Fuiste, mamá, lo mejor que me pasó en la vida, y al paso que vamos, lo mejor que me haya acontecido nunca y, sin embargo, no estuve a la altura de tu amor, de tu humanidad, de tu cariño, de tu bondad. Durante setenta y nueve años demostraste que aún existe esperanza en el mundo en las buenas personas, en los seres sencillos, en la gente de verdad solidaria, en las mujeres humildes, en los hombres curiosos, en los individuos con capacidad de sorpresa, en los seres humanos que todavía agradecen a sus semejantes los pequeños favores que estos les hacen diariamente...
Y todo este elenco de virtudes antiguas y claramente en desuso hoy día, lo desarrollaste a lo largo de toda una vida plagada de desgracias sin cuento, que tuvo su corolario en la increíble historia de Mari.

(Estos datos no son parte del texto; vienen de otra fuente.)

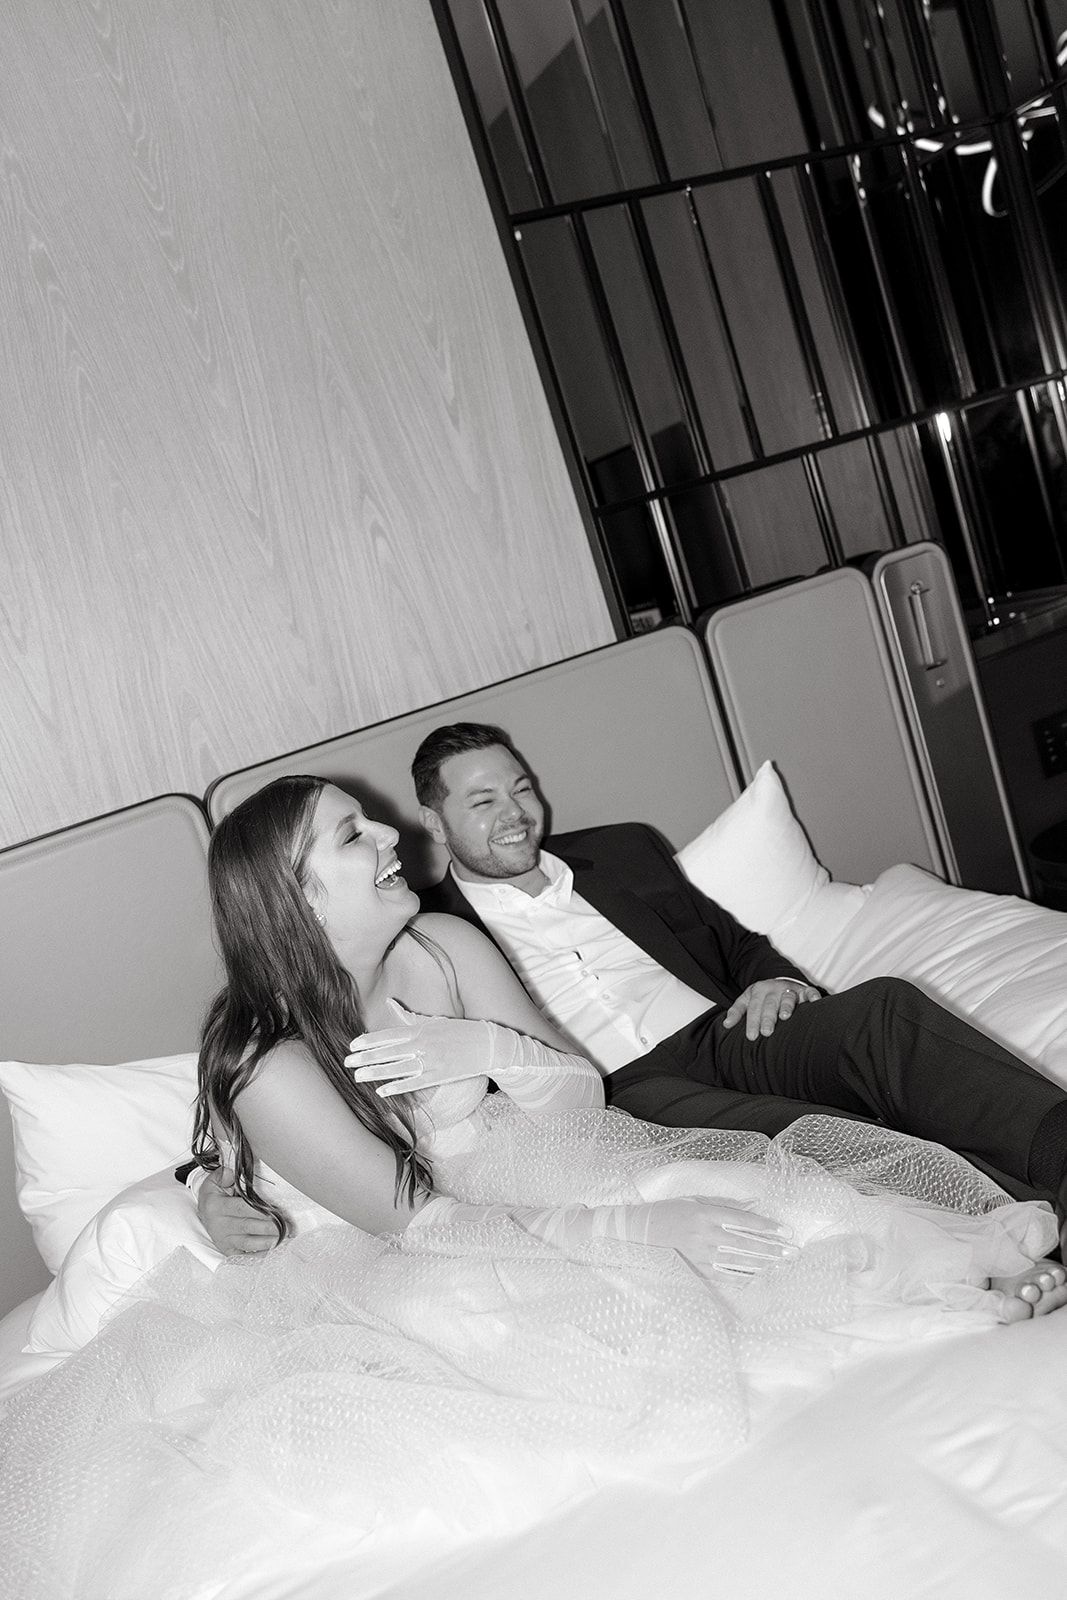 A couple who eloped in NYC sit on a hotel bed and laugh together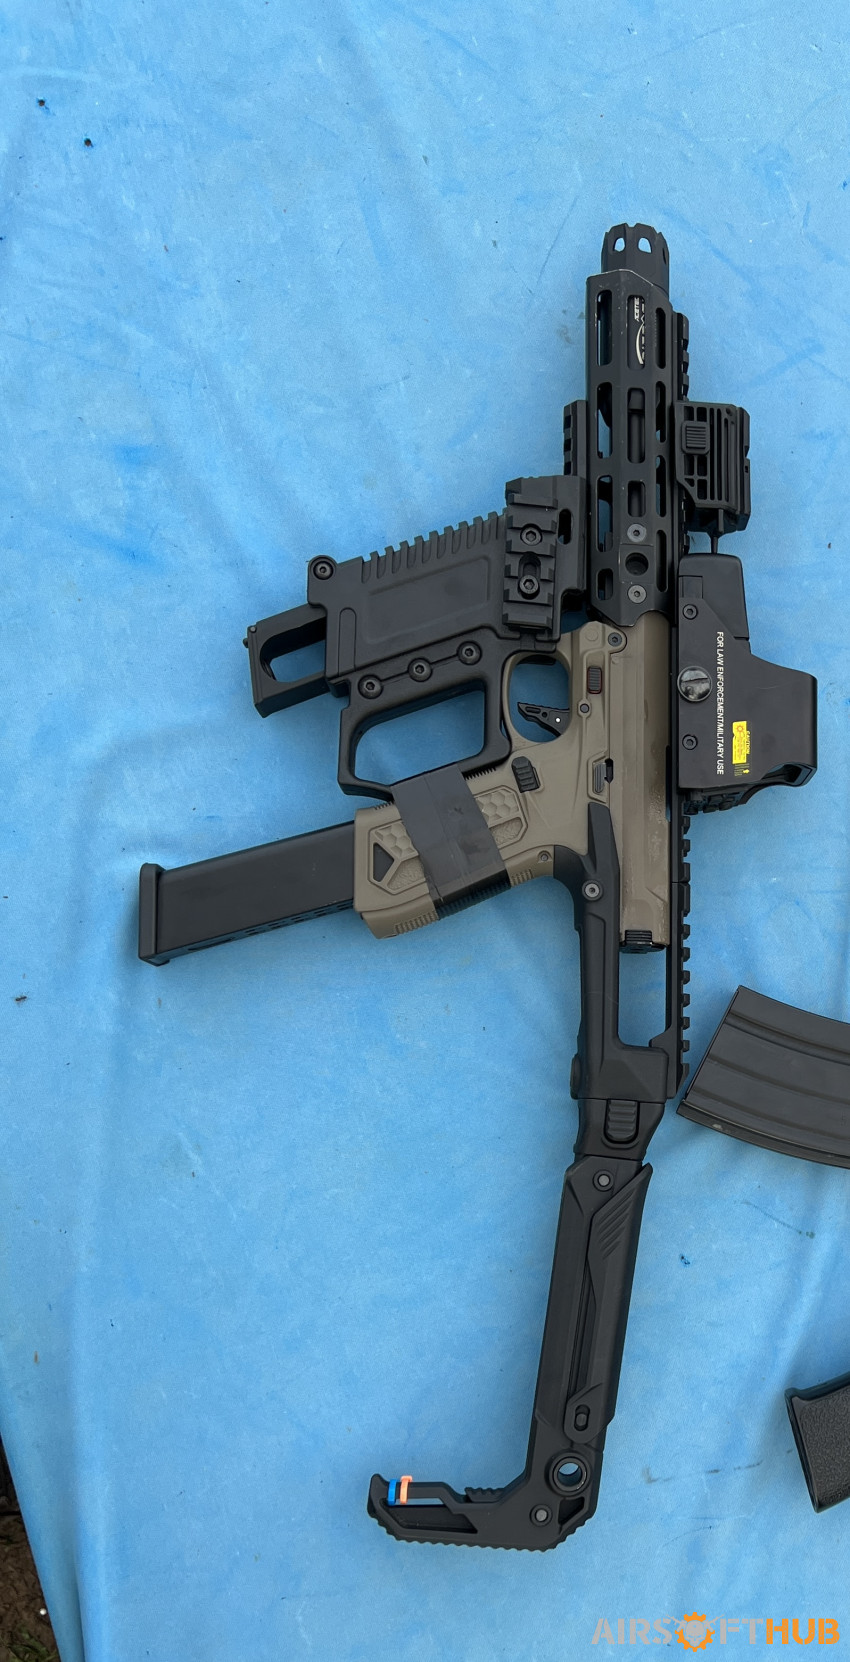 AAP-01 upper, stock and extras - Used airsoft equipment

Y esa es quizá la parte que más me jode, la de verte sufrir soterradamente durante casi tres décadas el azote de dos enfermedades hors categorie encerradas en una criatura angelical, y que pasado aquel calvario cuasieterno, tuvieras tan poco tiempo para disfrutar de la vida.
Te lo dije el pasado 26 de mayo, cuando te llevé de vuelta simbólicamente a tu pueblo eterno, pero te lo repito de nuevo hoy: en la vida, hay personas que lo pasan bien, otras que lo pasan regular y luego están los que viven toda su puñetera existencia debajo del puente, en los márgenes de la realidad cotidiana, en las vías de servicio de la vida. Tú, sin duda alguna, perteneciste a este último grupo. Y como te comenté entonces, me enorgullezco de haber tenido una madre que viviendo tanto tiempo debajo del maldito puente transpirara por todos los poros de su piel amor, cariño y bondad a raudales. Siento de verdad, mamá, no haberte correspondido lo suficiente. Ese es un dolor que llevaré impreso en mi corazón hasta el último día de mi vida.
Tres tsunamis, tres terremotos, tres desastres acaecieron un 26 de diciembre. Cada uno de ellos supuso una pérdida, un desgarro, un hundimiento en quienes lo padecieron, pero también un cambio profundo, una metanoia, una catarsis en muchos de los que sobrevivieron a los acontecimientos. Esa es una de la grandes paradojas de la vida. En mi caso particular, después de cuatro años de aquel samedi noire, creo honestamente, mamá, que tu descenso hacia la oscuridad provocó mi ascenso hacia la luz. Fue, sin duda, tu último acto de amor.